By the end of March of this year, DoD clinicians had diagnosed PTSD in about 75,000 service members either during their deployment to an overseas contingency operation or after their return. Among OCO veterans who had received medical care from VHA over the same period, about 187,000 (27 percent) had been diagnosed with PTSD. The estimates from DoD and VHA are not additive: There is an unknown amount of overlap because some veterans have been treated in both systems. Published studies of OCO service members or veterans have reported estimates of the prevalence of PTSD that generally range between 5 percent and 25 percent; the rate of diagnoses among VHA patients is at the high end of that range. Such a relationship would not be surprising if veterans who suspected they had mental health or other medical problems were more likely than other veterans to seek medical care from VHA.
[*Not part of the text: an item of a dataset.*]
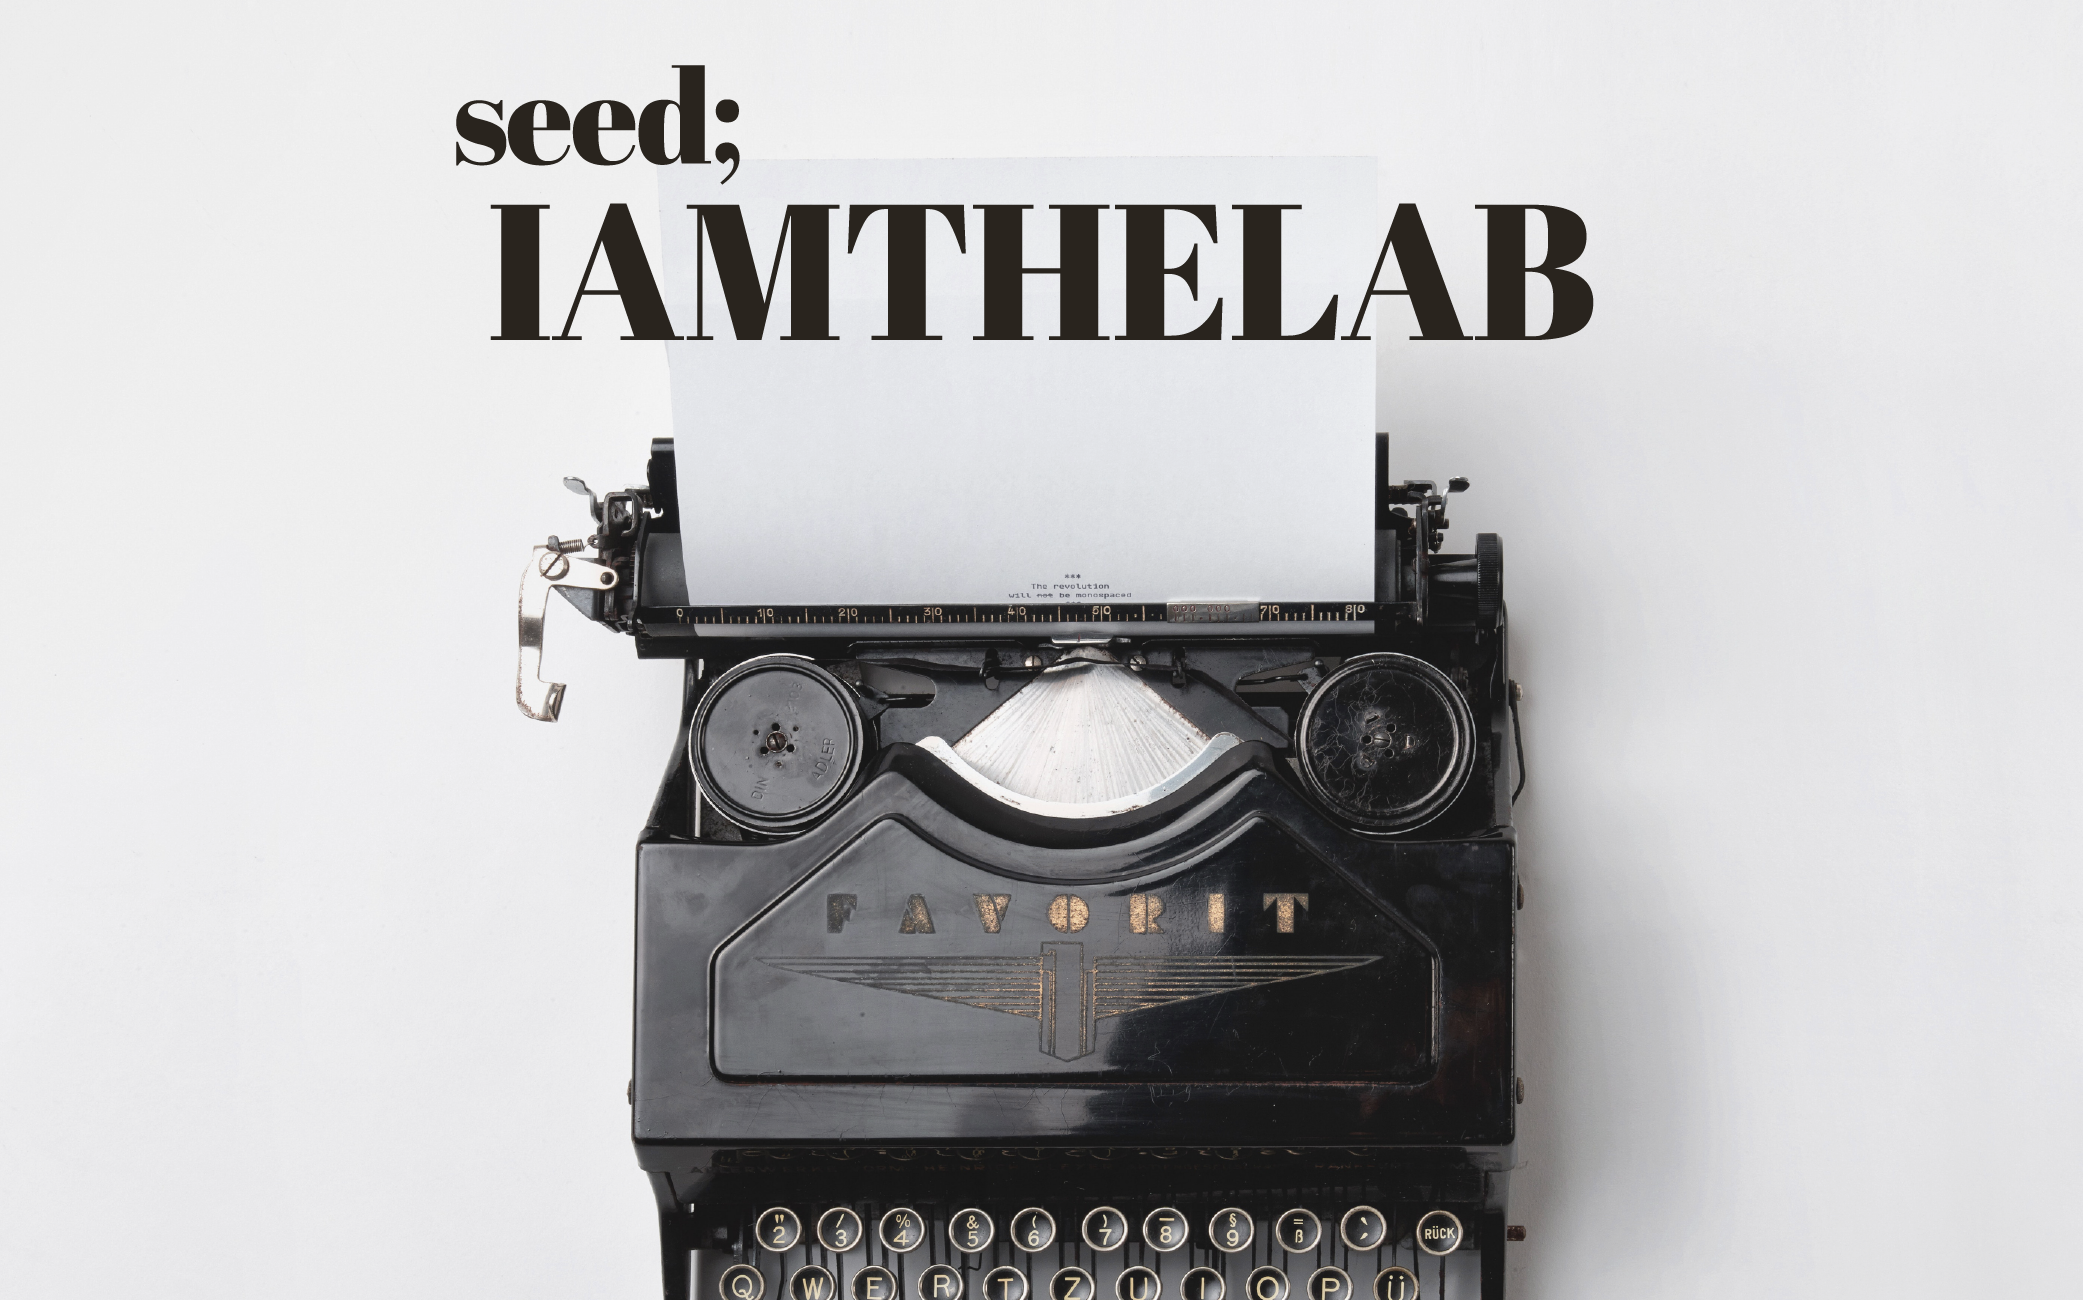 IAMTHELAB X Design Seeds | Seed Design Consultancy

Through March 2011, DoD clinicians had diagnosed symptomatic TBI (in which symptoms, such as headaches, memory difficulties, or sleep problems, persisted at the time of medical screening or examination) in a total of 35,000 service members during or just after they returned from deployments to overseas contingency operations. The most recent data available indicate that about 90 percent of those injuries were classified as mild TBI—also known as a concussion—in which the brain typically heals quickly (within a few weeks or months).

VHA researchers have reported that its clinicians diagnosed symptomatic TBI in about 26,000 (7 percent) of new OCO patients who were screened from the implementation of its screening program in 2007 through 2009. That rate of diagnosis is consistent with the limited data published by other researchers. (The two departments’ estimates do not yield a comprehensive total through 2011 because their reporting time frames are different.) Although the rate of diagnosis within VHA should not be used to estimate the prevalence of TBI in the overall OCO population, it remains useful in projecting the medical services that veterans will expect from VHA and the costs VHA could face as a result. Other factors also influence veterans’ use of services, including VHA’s outreach efforts, the availability and cost of other options for health care (for instance, employment-based health insurance), and veterans’ satisfaction with the quality of the care that VHA provides.